In connection with this opinion, we have examined such corporate records and other documents, including the Registration Statement, and have reviewed such matters of law as we have deemed relevant hereto, and this opinion is furnished based upon such examination and review.
Based on the foregoing, it is our opinion that, under the current laws of the State of Minnesota, the 250,000 shares of Common Stock of the Company proposed to be issued under the Plan will, when issued pursuant to the terms of the Plan, be legally issued, fully paid and non-assessable.
We are admitted to the practice of law in the State of Minnesota and the foregoing opinions are limited to the laws of that state and the federal laws of the United States of America.

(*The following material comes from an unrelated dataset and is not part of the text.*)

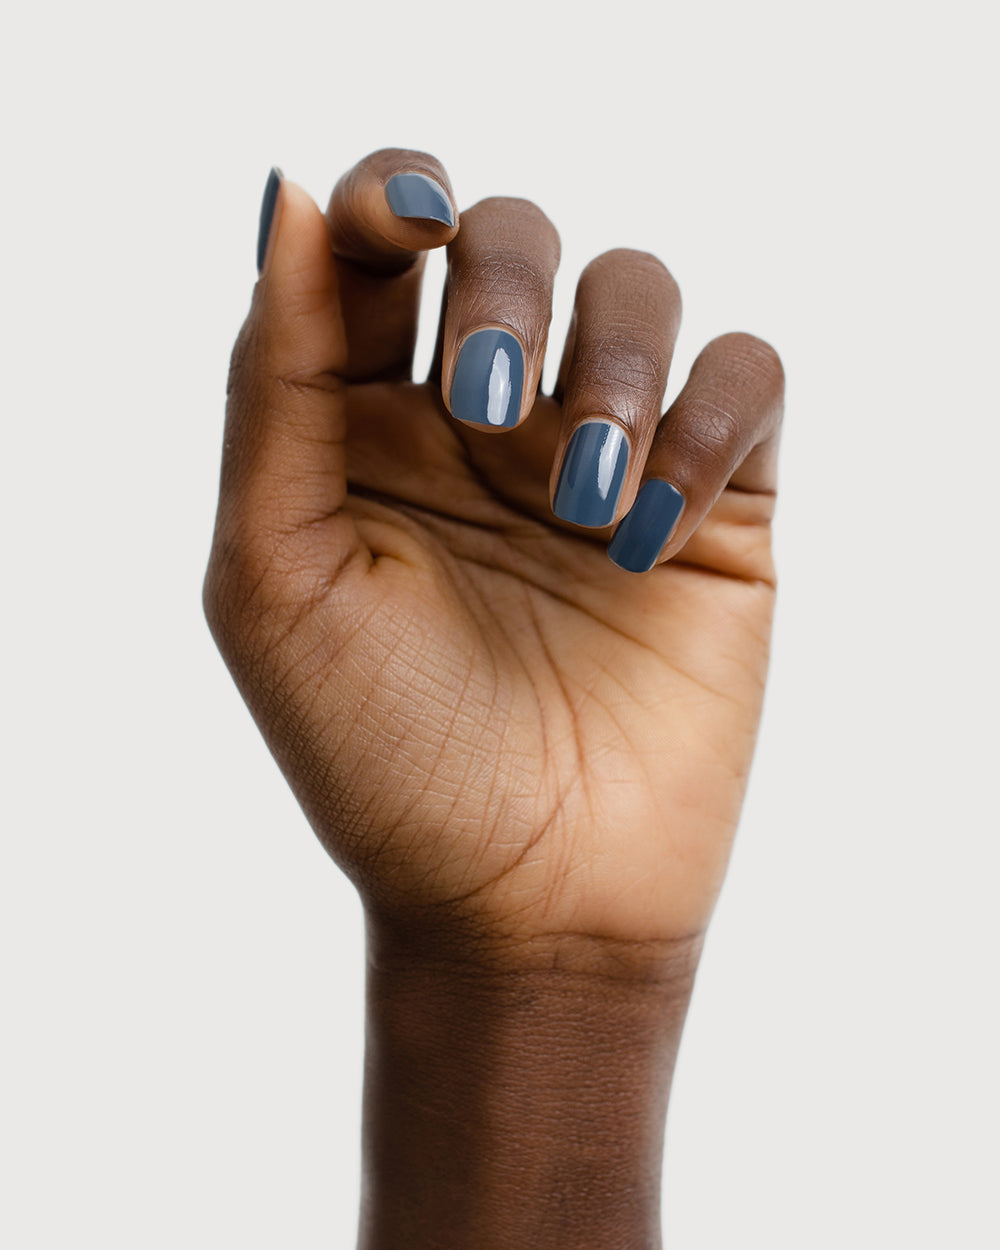 blue-grey nail polish hand swatch on dark skin tone
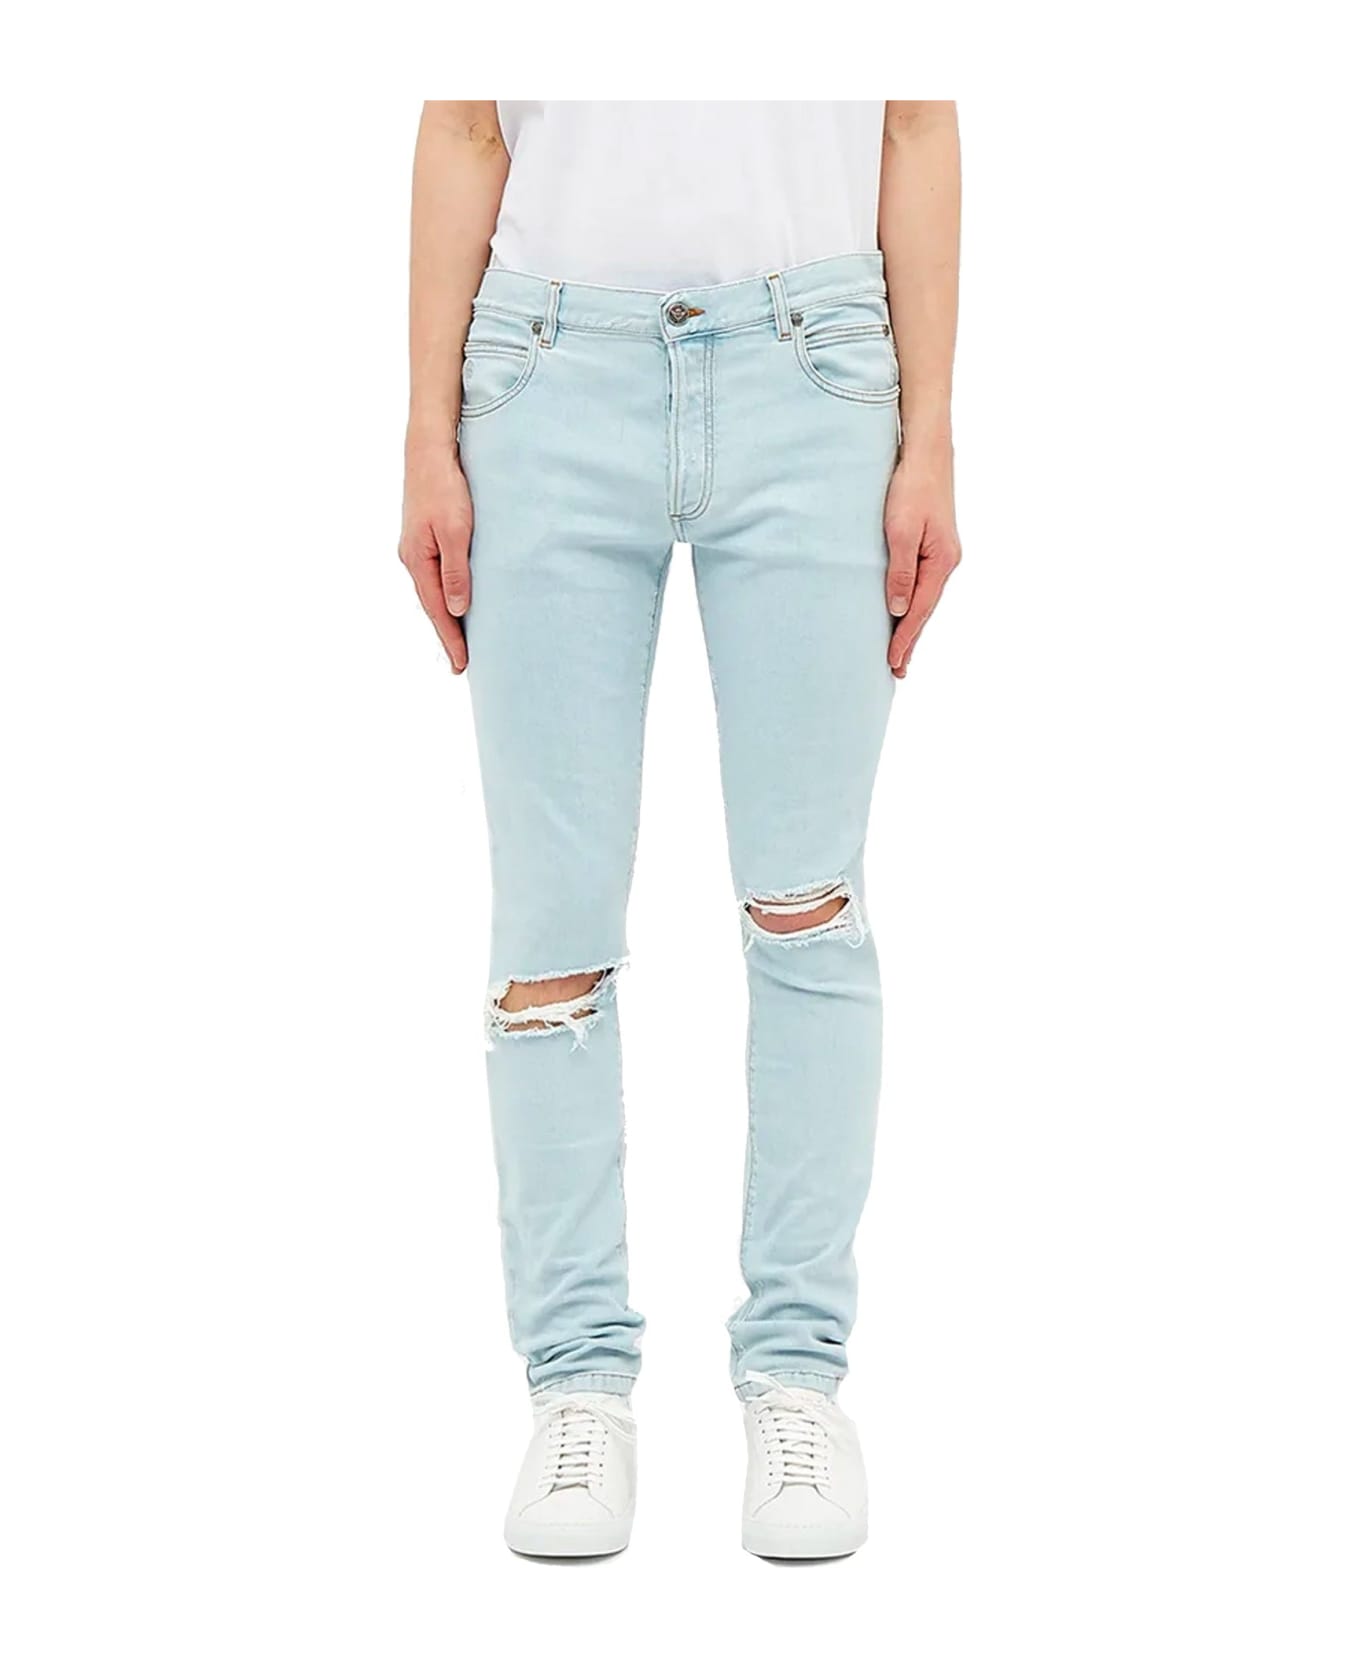 Balmain Distressed Skinny Jeans - Blue

We hereby consent to the filing of this opinion with the Securities and Exchange Commission as an exhibit to the Registration Statement.
Very truly yours,
/s/ LINDQUIST & VENNUM LLP
Exhibit 23.2
Consent of Independent Registered Public Accounting Firm
We have issued our reports dated March 12, 2014 with respect to the consolidated financial statements and internal control over financial reporting included in the Annual Report on Form 10-K for the year ended December 28, 2013 of Winmark Corporation, which are incorporated by reference in this Registration Statement. We consent to the incorporation by reference in this Registration Statement of the aforementioned reports.